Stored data
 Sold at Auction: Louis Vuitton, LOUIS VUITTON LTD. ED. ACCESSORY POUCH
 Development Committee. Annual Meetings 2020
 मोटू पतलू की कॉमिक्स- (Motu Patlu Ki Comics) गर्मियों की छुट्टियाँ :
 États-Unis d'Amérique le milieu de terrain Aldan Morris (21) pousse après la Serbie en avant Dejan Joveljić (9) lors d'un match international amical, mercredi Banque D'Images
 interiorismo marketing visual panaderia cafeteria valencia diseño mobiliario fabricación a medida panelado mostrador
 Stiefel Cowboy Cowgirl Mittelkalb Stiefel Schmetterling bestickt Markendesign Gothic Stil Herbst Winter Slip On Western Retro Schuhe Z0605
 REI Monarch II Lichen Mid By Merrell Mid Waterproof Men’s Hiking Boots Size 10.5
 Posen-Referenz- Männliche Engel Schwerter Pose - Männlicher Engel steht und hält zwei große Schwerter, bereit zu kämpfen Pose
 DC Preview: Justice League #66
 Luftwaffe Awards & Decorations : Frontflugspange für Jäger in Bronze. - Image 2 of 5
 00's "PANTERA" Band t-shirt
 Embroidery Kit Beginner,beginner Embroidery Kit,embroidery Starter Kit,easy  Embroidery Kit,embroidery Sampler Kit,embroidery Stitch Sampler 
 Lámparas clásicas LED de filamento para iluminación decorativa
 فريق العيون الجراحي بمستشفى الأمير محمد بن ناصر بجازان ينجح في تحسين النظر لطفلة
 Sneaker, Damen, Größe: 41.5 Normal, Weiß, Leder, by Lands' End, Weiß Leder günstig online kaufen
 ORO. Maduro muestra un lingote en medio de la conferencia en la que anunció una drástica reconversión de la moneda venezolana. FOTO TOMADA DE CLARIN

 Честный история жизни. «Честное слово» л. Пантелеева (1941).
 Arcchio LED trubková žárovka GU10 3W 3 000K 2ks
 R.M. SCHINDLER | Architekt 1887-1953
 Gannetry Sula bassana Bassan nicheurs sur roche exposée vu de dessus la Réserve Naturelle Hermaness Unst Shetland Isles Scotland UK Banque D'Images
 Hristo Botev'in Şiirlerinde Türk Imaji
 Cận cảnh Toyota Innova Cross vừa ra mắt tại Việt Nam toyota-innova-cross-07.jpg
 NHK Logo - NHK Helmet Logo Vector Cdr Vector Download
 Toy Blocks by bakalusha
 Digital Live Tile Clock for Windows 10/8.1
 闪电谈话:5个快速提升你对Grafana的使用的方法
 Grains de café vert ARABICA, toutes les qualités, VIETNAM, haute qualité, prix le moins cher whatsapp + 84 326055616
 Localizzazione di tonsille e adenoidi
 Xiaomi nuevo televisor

**TRY IT:** As listed above, the lines from the line with "ORO. Maduro muestra" to the line with "Cận cảnh Toyota" are to be echoed exactly, with both ends included and nothing added.

**SOLUTION FOR THIS PROBLEM:**
 ORO. Maduro muestra un lingote en medio de la conferencia en la que anunció una drástica reconversión de la moneda venezolana. FOTO TOMADA DE CLARIN

 Честный история жизни. «Честное слово» л. Пантелеева (1941).
 Arcchio LED trubková žárovka GU10 3W 3 000K 2ks
 R.M. SCHINDLER | Architekt 1887-1953
 Gannetry Sula bassana Bassan nicheurs sur roche exposée vu de dessus la Réserve Naturelle Hermaness Unst Shetland Isles Scotland UK Banque D'Images
 Hristo Botev'in Şiirlerinde Türk Imaji
 Cận cảnh Toyota Innova Cross vừa ra mắt tại Việt Nam toyota-innova-cross-07.jpg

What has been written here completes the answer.